Пилястры не пилястры, подворотня.
Та комната, где я тебя... О нет!
Та комната, где ты меня... С трудом
огромным нахожу ее сегодня:
избыток осязаемых примет.
Несет борщом из крашеных дверей.
Гремит вода сквозь грязную посуду.
Над ванночками в сумраке сидит
затравленный соседями еврей.
Теперь там фотографии повсюду,
огрызки фонарей, кариатид.
Луна над легендарным шалашом.
Клочки Невы, надгробие из досок.
Бесчисленные бабы нагишом...
И это – если хочешь – отголосок.
 
   Юрий Орестович Цехновицер, сын известного литературоведа, жил на Адмиралтейской набережной в доме № 10. У него была роскошная (по понятиям того времени) квартира в бельэтаже. Прямо под окнами – Нева, а на другом берегу – Ростральные колонны, Академия наук, Кунсткамера, Двенадцать коллегий.
   В квартире пятиметровые лепные потолки, массивные ореховые двери с резьбой, карельская береза, бронзовые канделябры, картины в тяжелых золоченых рамах, книжные стеллажи до потолка, копия посмертной маски Пушкина, цилиндры на круглой вешалке в передней – одним словом, никакого намека на существование советской действительности. Входишь непосредственно в ХIX век.
   Юра, талантливый художник и архитектор, был шумным, бородатым «бонвиваном» и светским львом. 7 ноября, когда население Советского Союза напивалось в стельку в честь Великой Октябрьской, мы до утра «гуляли» у Цеха, празднуя день его рождения. Получалось как бы вместе со всей страной, но по другому поводу. Цеха и его барскую квартиру Бродский вспоминал не раз, в частности в беседах с Евгением Рейном во время их встреч в Нью-Йорке в 1988 году.
   Я позволю себе привести цитату из этого, как мне кажется, значительного разговора.
   ...Был однажды момент открытия, когда я стоял на набережной напротив дома Цехновицера – я этот момент очень хорошо помню, если вообще у меня были какие-то откровения в жизни, то это было одно из них. Я стоял, положив руки на парапет, они слегка свешивались над водой... День серенький... И водичка течет... Я ни в коем случае не думал тогда, что вот я поэт или не поэт. Этого вообще никогда у меня не было и до сих пор в известной степени нет... Но я помню, что вот я стою, и руки уже как бы над водичкой, народ вокруг ловит рыбу, гуляет, ну и все остальное... Дворцовый мост справа.
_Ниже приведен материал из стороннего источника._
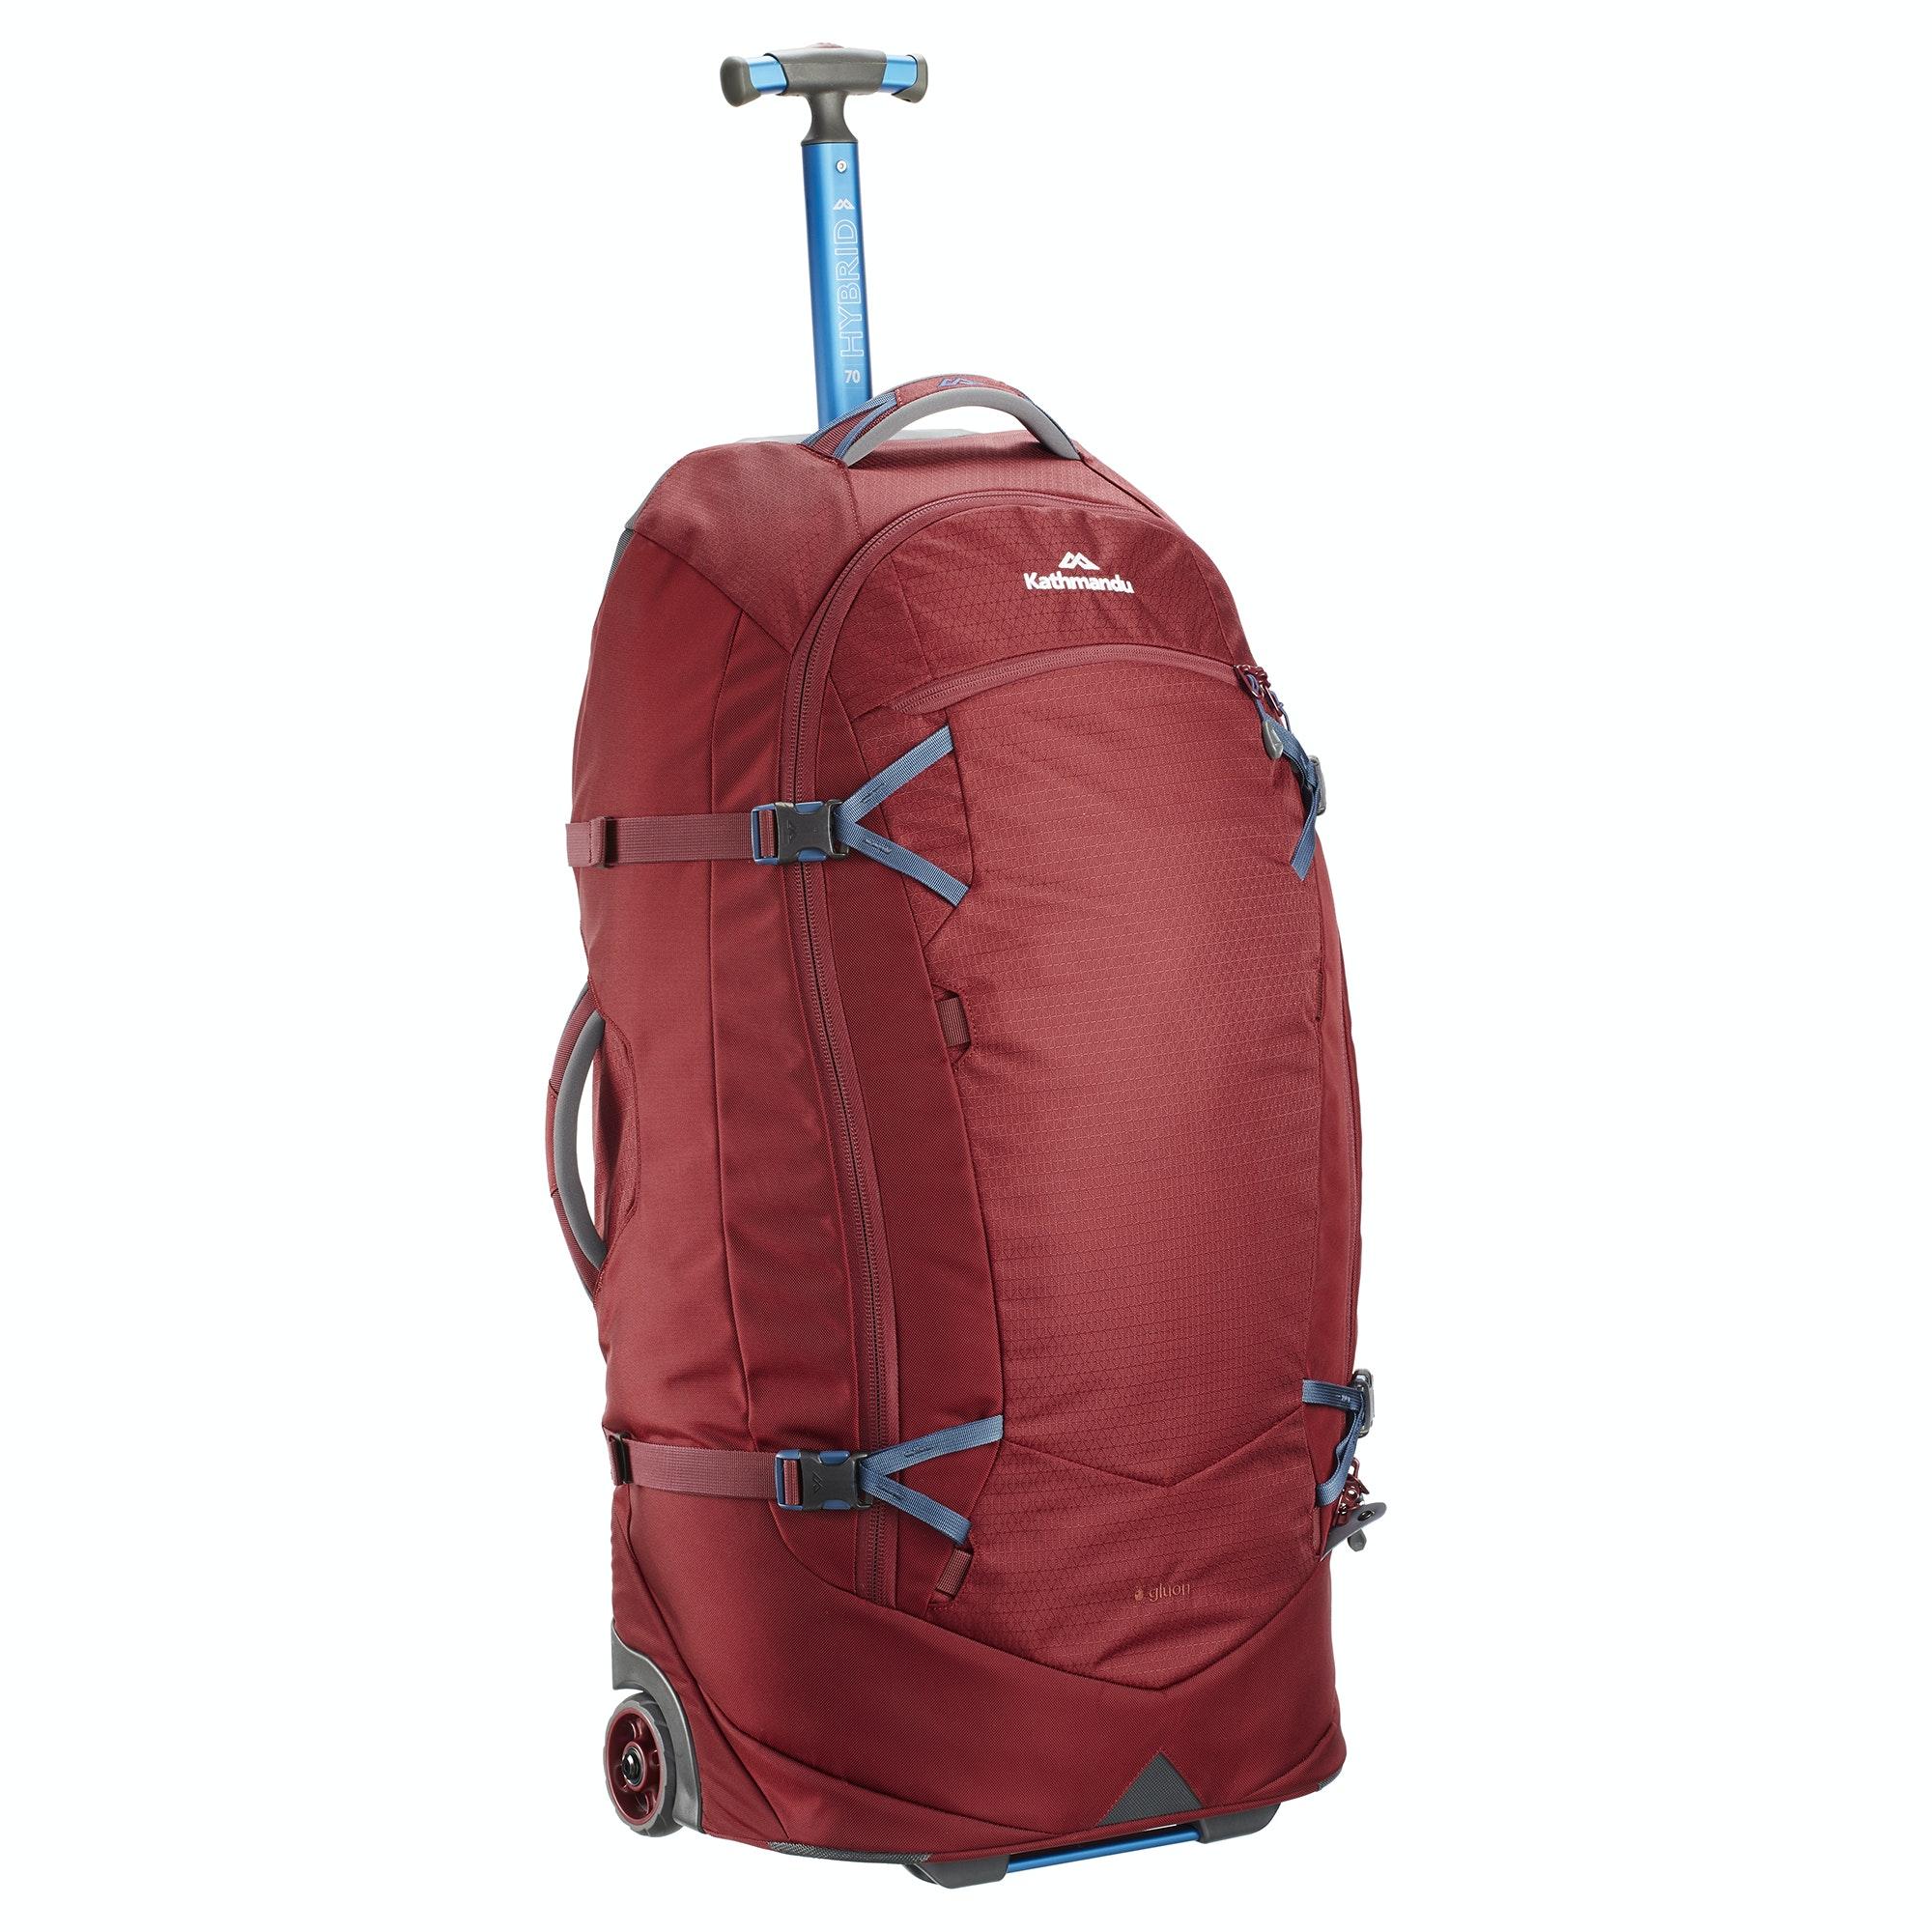 thumbnail 32 - NEW-Kathmandu-Hybrid-70L-Backpack-Wheeled-Handle-Luggage-Bag-Travel-Trolley

Я смотрю, водичка так движется в сторону залива, и между водой и руками некоторое пространство... И я подумал, что воздух сейчас проходит между водой и руками в том же направлении. И тут же подумал, что в этот момент никому на набережной такая мысль в голову не приходит... И я понял, что что-то уже произошло... И вот это впервые пришедшее сознание того, что с головой происходит что-то специфическое, возникло в тот момент, а так вообще этого никогда не было... Да и вообще, вся наша жизнь, когда входишь к Цеху, надеваешь шляпу, кругом книги, девушки...[1]
   В пятую (более позднюю) компанию, впоследствии частично слившуюся с первой, входили Геннадий Шмаков, Константин Азадовский, Михаил Мейлах и несколько итальянских славистов. С «нашими» итальянцами Иосиф дружил всю жизнь, и они заслуживают отдельного рассказа.
 
   Итальянцы возникли в нашей жизни в 1965 году, приехав в Ленинград учиться в аспирантуре. Удивляло, что они, столь далекие по происхождению, воспитанию и жизненному опыту, оказались такими близкими нам по духу. Они любили ту же музыку и живопись, зачитывались теми же книгами, декламировали наизусть тех же поэтов и были «порчены» русской литературой. Среди них Иосиф особенно сблизился с Джанни Буттафава, Фаусто Мальковати, Сильваной Давидович и Анной Дони.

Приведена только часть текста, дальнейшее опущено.